Homilia diária — Lc 16,19-31 — Missa de domingo, 28/09/25
Homilia diária — Lc 16,19-31 — Missa de domingo, 28/09/25
Irmãos e irmãs, hoje o Senhor nos confronta com uma parábola que não aceita meias-medidas, uma narrativa onde a eternidade pronuncia um veredicto sobre a vida que levamos: “Tu recebeste teus bens durante a vida, e Lázaro os males; agora ele encontra aqui consolo e tu és atormentado.”.
Ao ouvir essas palavras, experimentamos um calafrio, porque o Evangelho nos revela que a história não termina na conta do banco nem na aparência do sucesso, ela culmina na justiça misericordiosa de Deus que pesa os gestos do coração.

Contradição interna
Primeiramente, atentemos ao contraste encenado pelo Mestre. De um lado, o banquete, roupas finas, portas fechadas ao pobre; de outro, o corpo ferido, a boca pedindo migalhas, e a proximidade do morto com os animais desprezíveis.
Essa cena descreve uma pobreza física que costuma acompanhar uma pobreza mais funda, a pobreza moral do coração que recusa o irmão. A tradição cristã, em sua sensibilidade, sempre leu um espelho nessa parábola: o Senhor liga a justiça última à caridade concreta, porque amar a Deus e abandonar o irmão faminto constitui contradição interna.

Viver o amor
Além disso, meditemos sobre o lugar de Lázaro junto de Abraão, imagem de comunhão e acolhida.
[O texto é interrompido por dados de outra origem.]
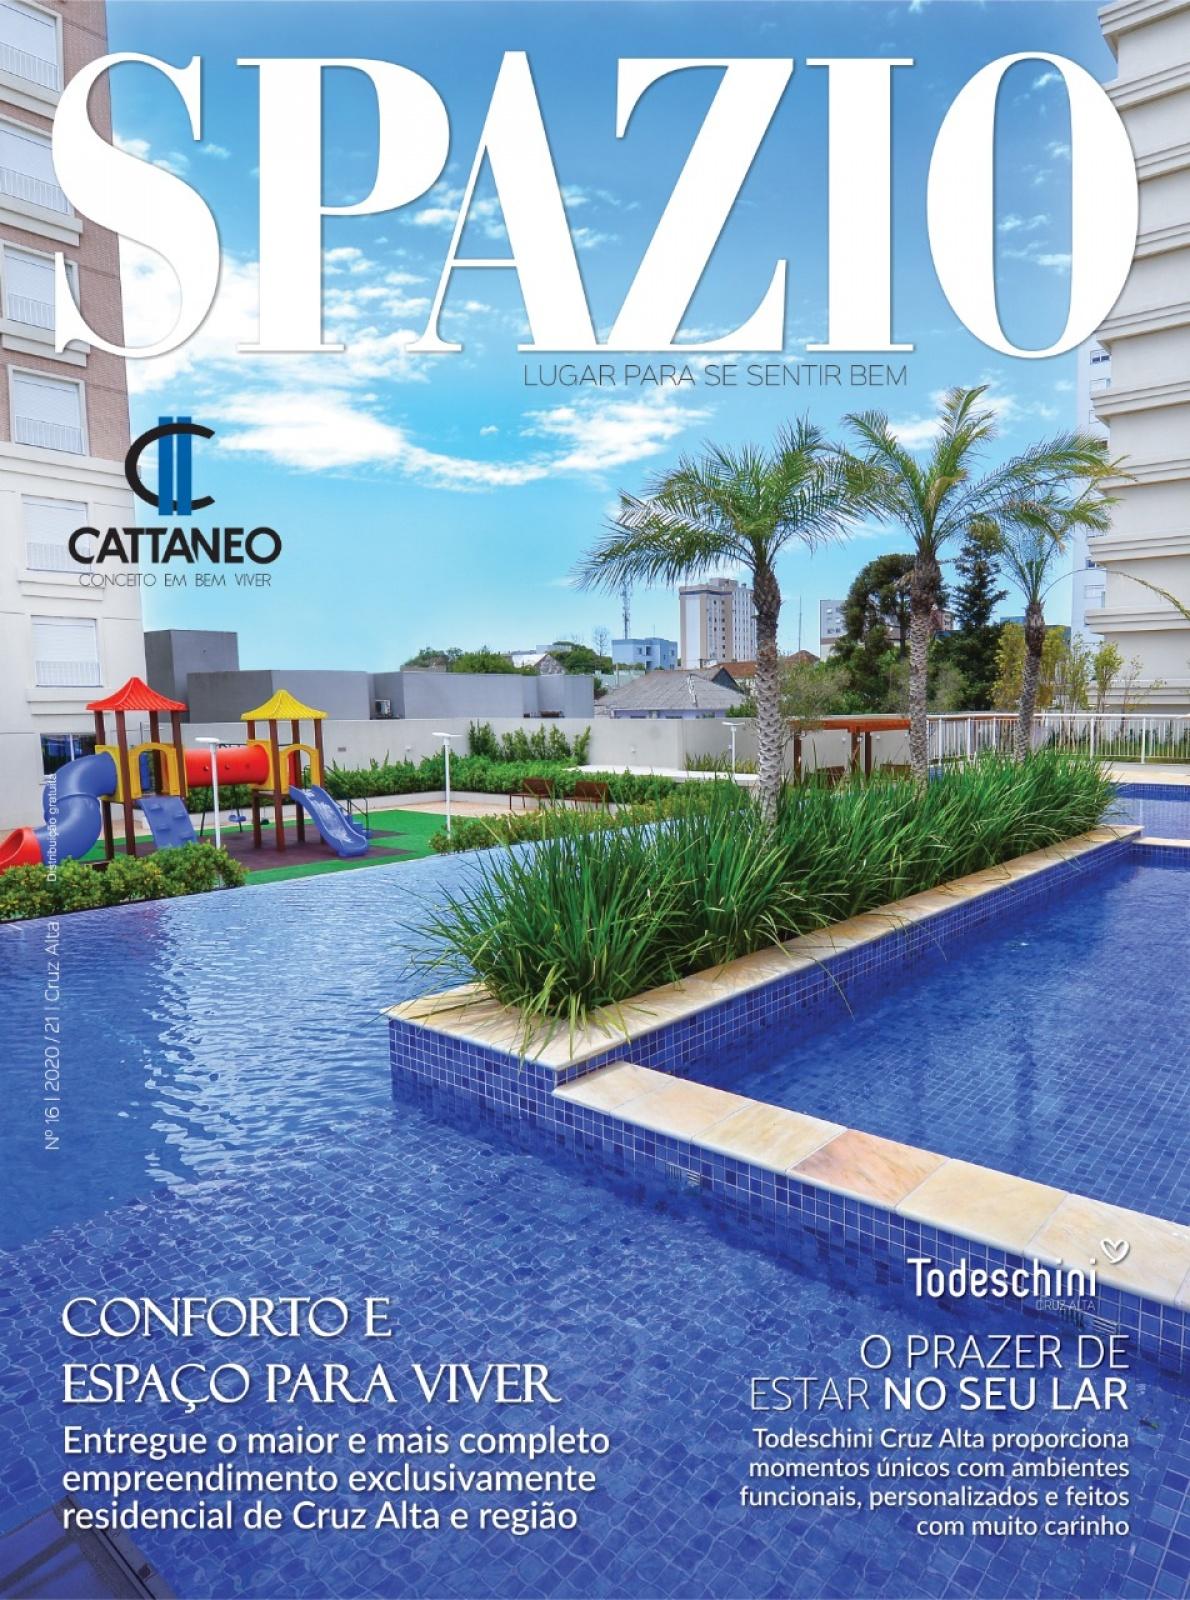 Confira a 16ª edição da Revista Spazio

Não se trata aqui de um cálculo frio sobre méritos, mas de um reconhecimento da presença de Deus que se revela nos pobres.
Aqueles que viveram o amor tornam-se capazes de repousar no seio da misericórdia, enquanto os que confiaram apenas nas suas seguranças materiais descobrem, diante do juízo, que a riqueza que acumularam não impede o vazio eterno. Os antigos mestres já nos ensinaram que a economia do Reino opera segundo uma inversão salvífica, onde os últimos ocupam o primeiro lugar.

Obras de amor
A parábola apresenta uma advertência terrível sobre a imobilidade do coração após a morte. Quando o rico pede um sinal, recebe a resposta definitiva: Moisés e os Profetas bastam, quem não escuta a Lei e os Profetas não se convencerá nem mesmo diante de sinais extraordinários.
Esta verdade pastoral nos impele a não esperar prodígios para converter-nos, porque a conversão madura nasce do ouvir perseverante da Palavra e da prática fiel da misericórdia. A salvação não se posterga para sinais espetaculares, ela se realiza na fidelidade às pequenas obras de amor.

A fé exige ações
Quais ações práticas derivam desse julgamento espiritual?
Primeiro, devemos adotar o imperativo da caridade imediata: aqueles que passam fome, vivem na solidão, enfrentam doenças e exclusão necessitam de nossa presença e solidariedade. O amor não se substitui por palavras quando estendemos nossas mãos e mesas.
Em seguida, precisamos nos comprometer com a transformação das estruturas que perpetuam a pobreza: a caridade privada não elimina a responsabilidade pública, por isso devemos lutar por justiça social, políticas que incentivem o trabalho digno e iniciativas comunitárias que amparem os mais vulneráveis. A fé exige ações que transformem tanto os corações quanto os sistemas.

Eucaristia
Além do mais, cuidemos da formação interior. Se a parábola nos acusa, ela também nos oferece remédio: a escuta dos Evangelhos, a prática sacramental, o exame diário que revela onde guardamos segurança em vez de confiarmos em Deus.
Cultivemos o hábito da esmola generosa, da visita ao doente, da partilha regular, não como mera técnica, mas como via de conversão que vai moldando o afeto segundo o de Cristo. Lembremo-nos de que a Eucaristia nos envia a ser presença corporal do Senhor entre os pequenos.

Rezemos
Por fim, não vivamos com pânico, mas com responsabilidade esperançosa. O juízo narrado pela parábola não é catarse sensacionalista, ele é apelo amoroso para ajustarmos agora nossa vida.
Se hoje acolhemos o pobre, se hoje defendemos os injustiçados, se hoje abrimos o coração, começamos já a habitar o “seio de Abraão” que a Escritura nos promete.
Que a Virgem, Mãe compassiva, nos ensine a ver em cada rosto sofrido o próprio Cristo, e que Maria nos obtenha a graça de converter bens em partilha, medos em generosidade, e vidas em testemunho fiel do Reino. Amém.